Skinner concurs: “He’s a very people-oriented young man who is very aggressive about relationships regarding the development of people, which I think he learned a lot from his own development in the system. I think his abilities to communicate and lead are probably his strongest assets when it comes to the alignment of his team and the organization. Of course, he’s been very successful and he’s in a very key job right now as president of McDonald’s U.S., which is the big dog in the pound.”
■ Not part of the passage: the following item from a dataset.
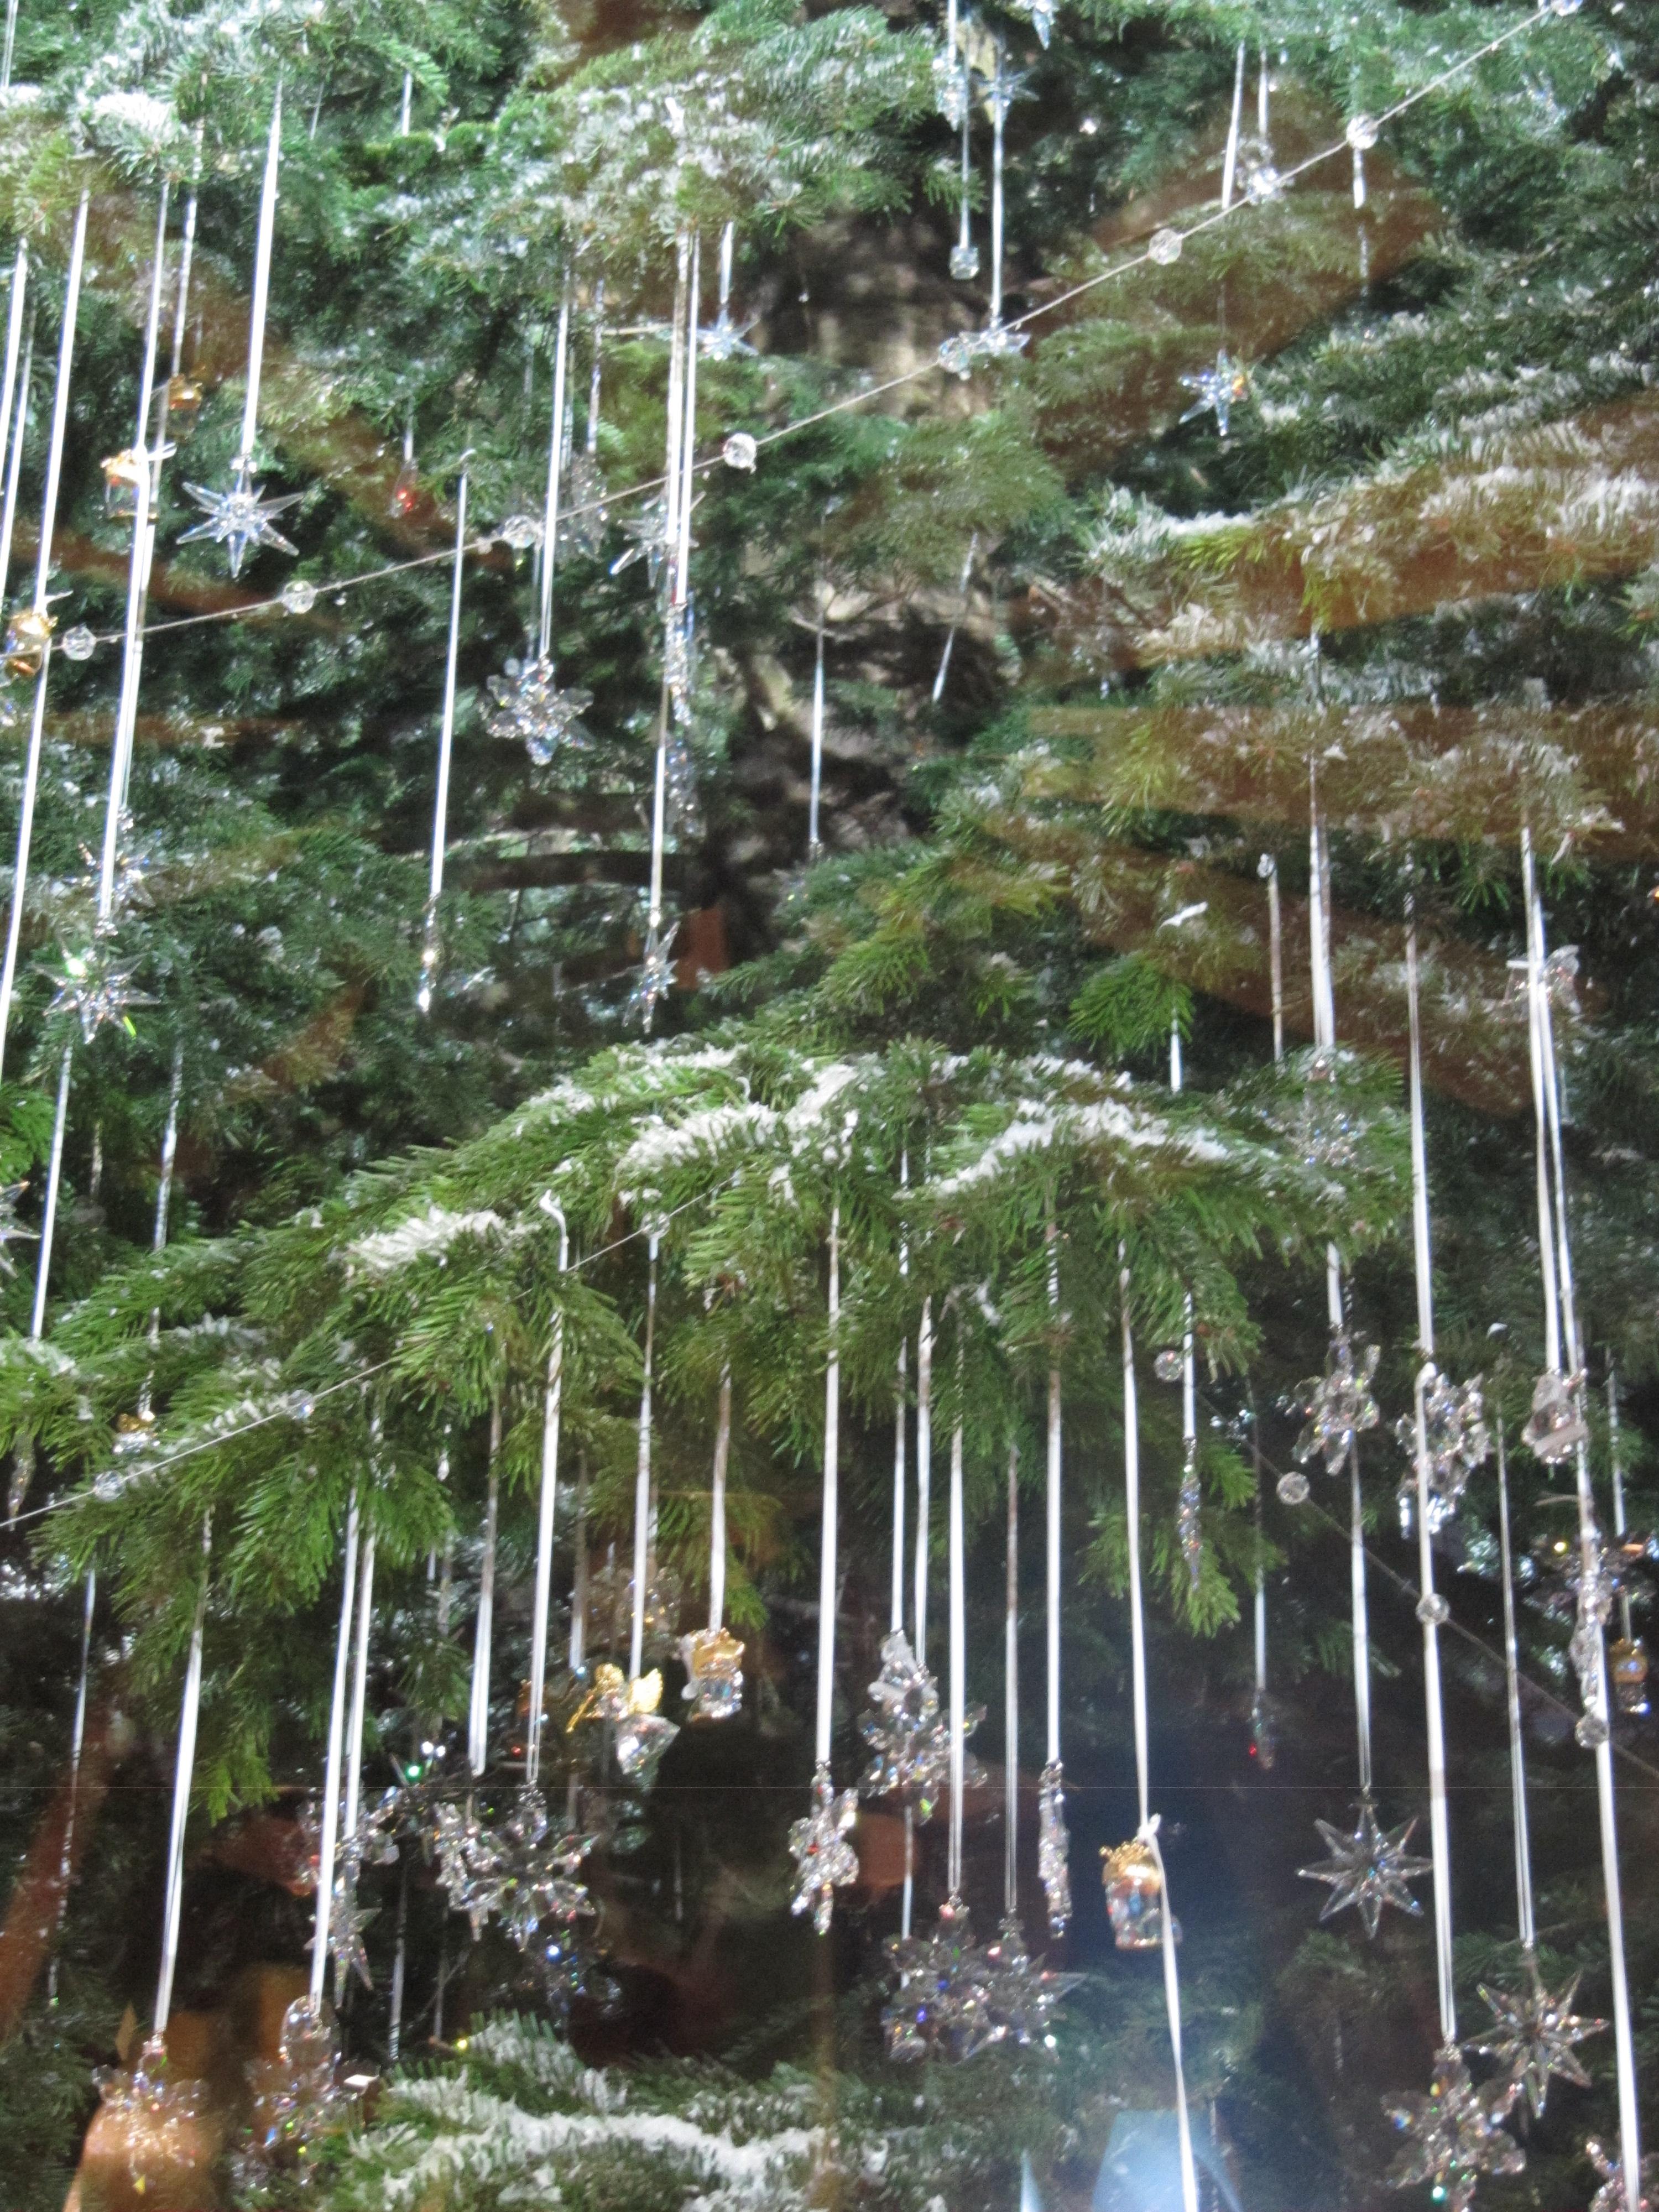 File:laika Ac Swarovski Christmas Tree (6686139967)g
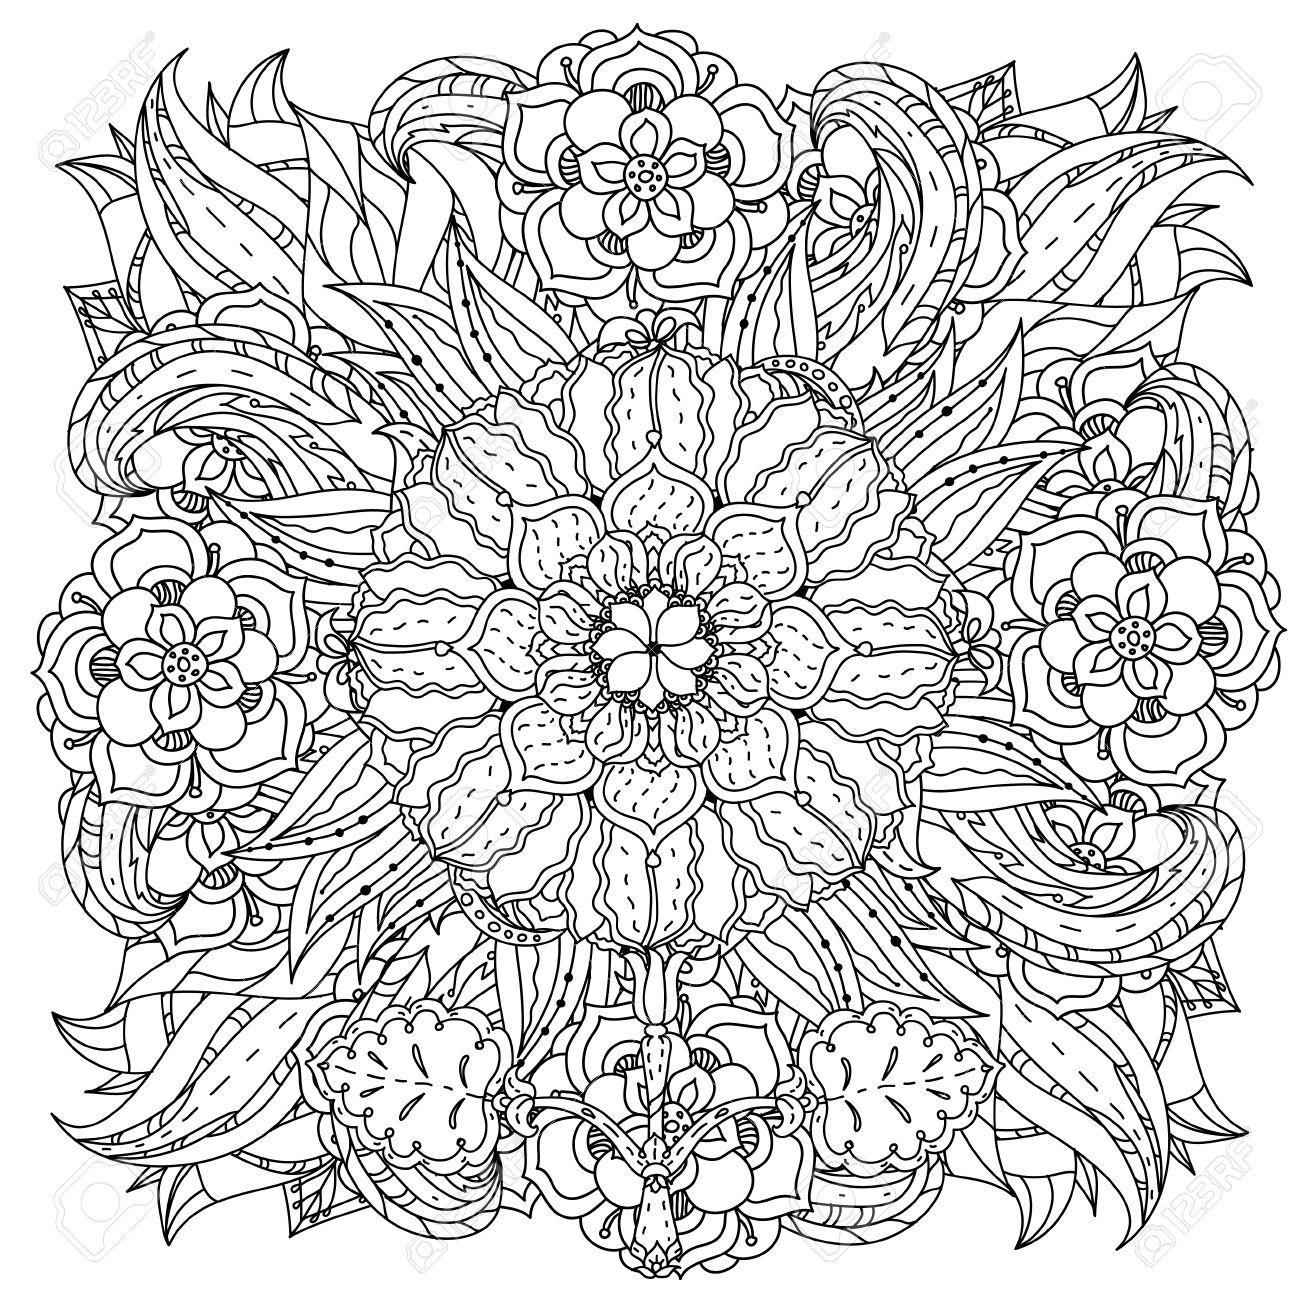 Fleurs De Forme De Mandala Profilees Pour Adulte Livre De Coloriage Dans Le Zen Style Art Therapie Anti Dessin Stress Hand Drawn Retro Griffonnage

Just as Mines mentored Thompson, Thompson in turn is helping usher in new black managers at McDonald’s. “Don’s a good example of an African American who has worked his way through the ranks,” says Mines, “who hasn’t forgotten where he came from and the importance of mentoring those behind him.”

Donald Thompson
Title: President, McDonald’s USA
Born: 1963
Education: Purdue University, bachelor’s in electrical engineering
Residence: Burr Ridge, IL
Family: Thompson and his wife, Elizabeth, have two children
Hidden Talents: Cooking, particularly Southern cuisine
Breaking Ground: Thompson is the first African American to hold the position of President, McDonald’s USA and Chief Operations Officer, McDonald’s USA
Personal Quote: “We have a rich heritage as African Americans. Don’t get into the pity party of what’s not going to be done for you, because there are so many things you can do for yourself. Others will see what you do and will look to support and help you.”